Great class today with Ezio Manzini, a pioneer of the Service Design discipline. Among the huge variety of topics he usually deals with, today he focused on the concepts of collaborative services and liveable proximity. Different from the past century, today’s most important driver for change is no more technological innovation, but social innovation. Starting from this assumption, Ezio developed a class full of lectures, discussions, and hands-on exercises to give our students the basic knowledge about radical and transformative social innovation toward sustainability.
Contemporary society, especially in the last year of the Covid-19 pandemic, is witnessing a radical change in the concept of well-being. We as a society have been forced to recognize that past ideas about mobility and fastness were leading us to a very serious environmental and social crisis. And so, the growing functional distancing in daily activities began to clash with the need to bring together what had been removed; to reconnect what had been separated, to bring services and productive activities closer to people. Right now, the same sanitary distancing it requires of us has shown everyone how important physical proximity is: the existence of neighborhood services, the possibility of working (close to) where you live, the relationships with the tenants next door.
The outcome is different scenarios that emerge from this crisis. Two of them are: the scenario of everything at/from home, and the one of the living and livable proximity. Both of these scenarios have a basis of feasibility in new technologies: connectivity, component miniaturization, digital fabrication, artificial intelligence make it possible to break the previous functional model and bring different functions back to the user/consumer and, if required, group these functions on a local scale. This process of mutual rapprochement between people and functions leads to the creation of new forms of proximity: hybrid proximity because its existence in the physical world is made possible by its placement in an appropriate digital space. Given this common basis, the two scenarios mentioned above are however in stark contrast to each other: the scenario of everything at/from home leads to the dystopian vision of a humanity of individuals closed in their homes, at the center of a deserted proximity (crossed only by riders, or tomorrow by drones, of home delivery). On the other side, there is the scenario of living and livable proximity, with the desirable reconstruction of the places and communities that it entails.
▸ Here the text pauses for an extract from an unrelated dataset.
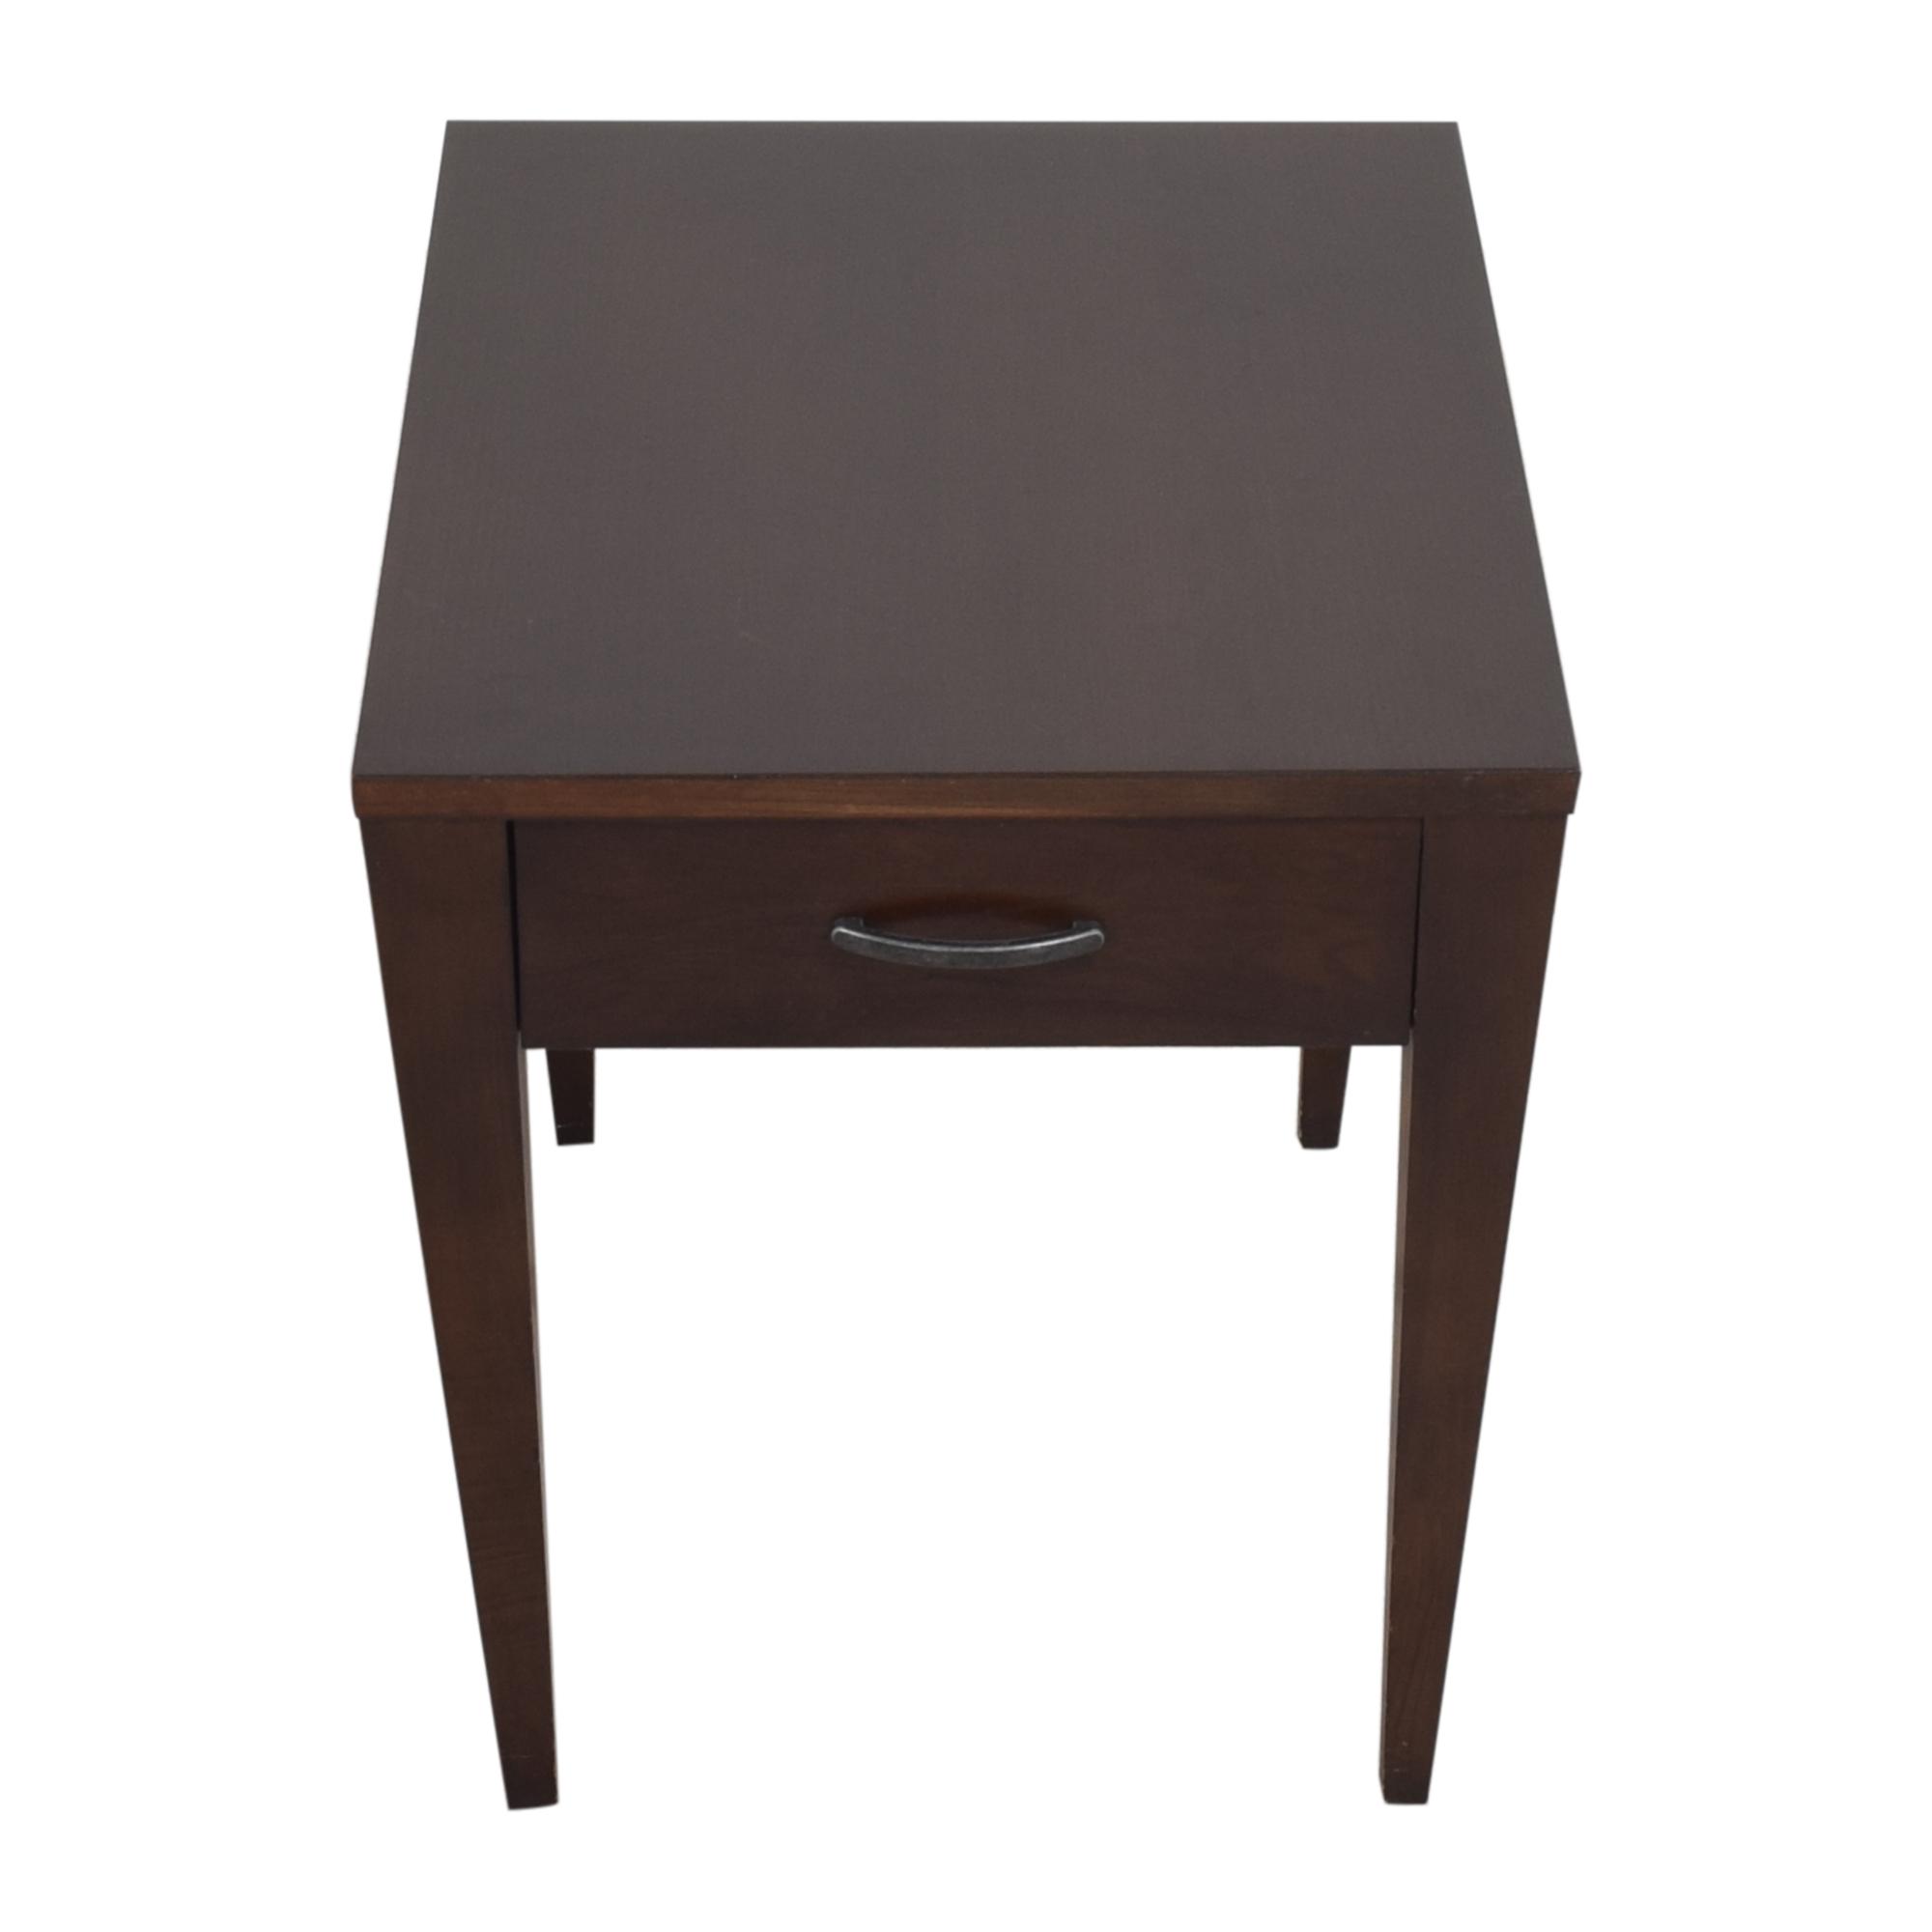 Ethan Allen Ethan Allen Horizons End Table Tables

The class focused on the second scenario and showed how it has emerged from the grassroots social innovations of the past 20 years, and how, in some large cities, it has become a reference for action (sometimes using the expression “The 15-minute city”). This happens in many cities like Paris, Barcelona, Milan, Seoul, and so on. The city of proximity, or 15-minute city, is the one in which distributed models are adopted, in contrast with the concentration of activities in large mono-functional centers. And therefore, it is a city where a new proximity is created: a proximity capable of responding to many, if not all, the daily needs of citizens.